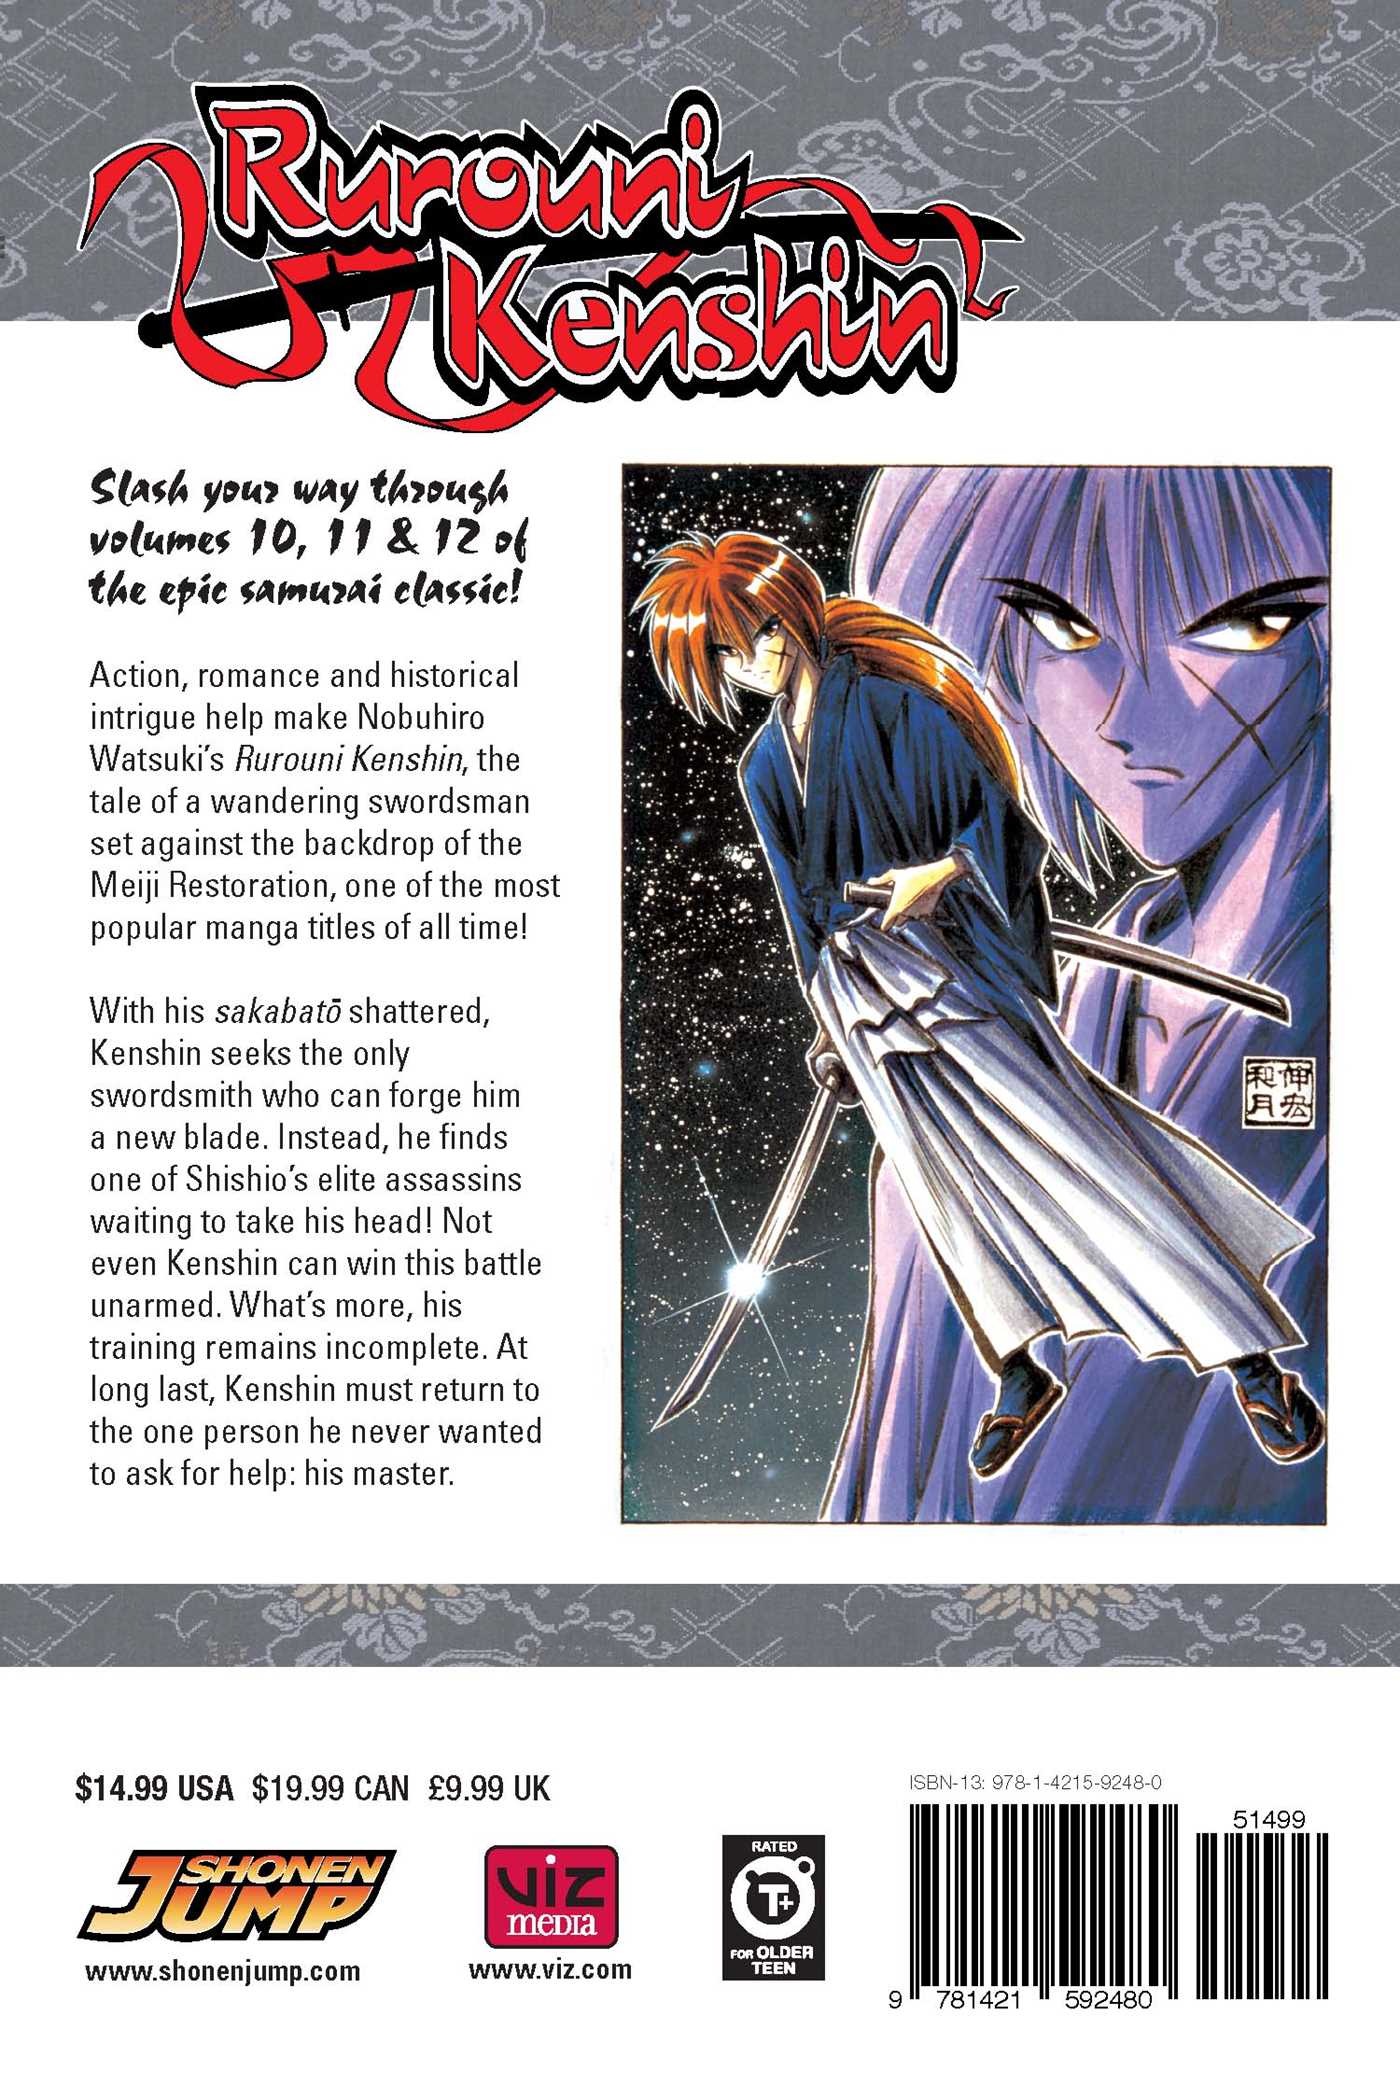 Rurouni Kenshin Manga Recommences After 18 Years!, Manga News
=====
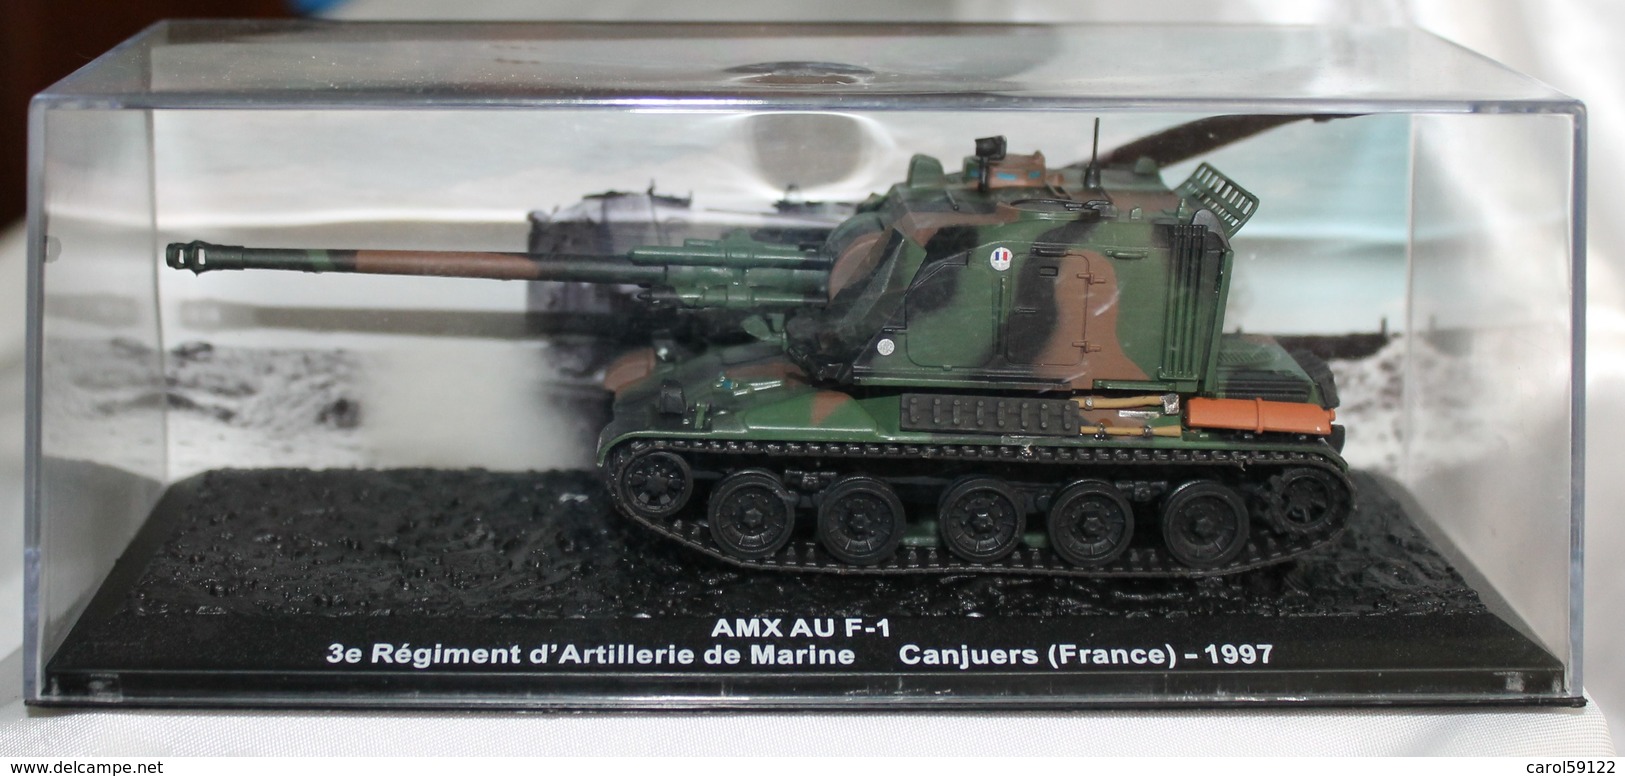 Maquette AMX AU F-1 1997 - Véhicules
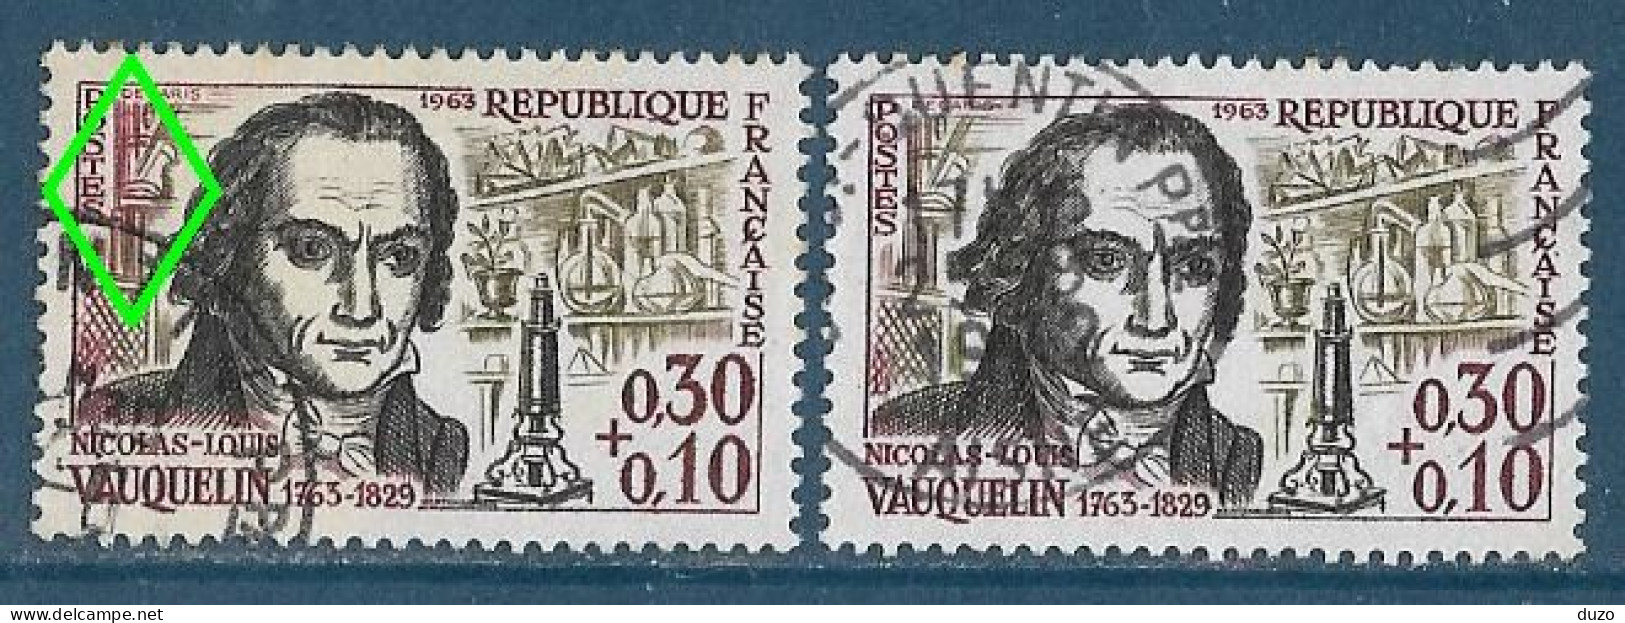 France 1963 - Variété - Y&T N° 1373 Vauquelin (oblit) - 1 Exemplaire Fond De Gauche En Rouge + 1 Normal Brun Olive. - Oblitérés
=====
* _ABOUT THIS TASK_
Set down exactly the lines above, from the line containing "Maquette AMX AU F-1 1997 - Véhicules" through the line containing "France 1963 - Variété". Skip the pictures.

* _TASK RESULT_
 Maquette AMX AU F-1 1997 - Véhicules
 France 1963 - Variété - Y&T N° 1373 Vauquelin (oblit) - 1 Exemplaire Fond De Gauche En Rouge + 1 Normal Brun Olive. - Oblitérés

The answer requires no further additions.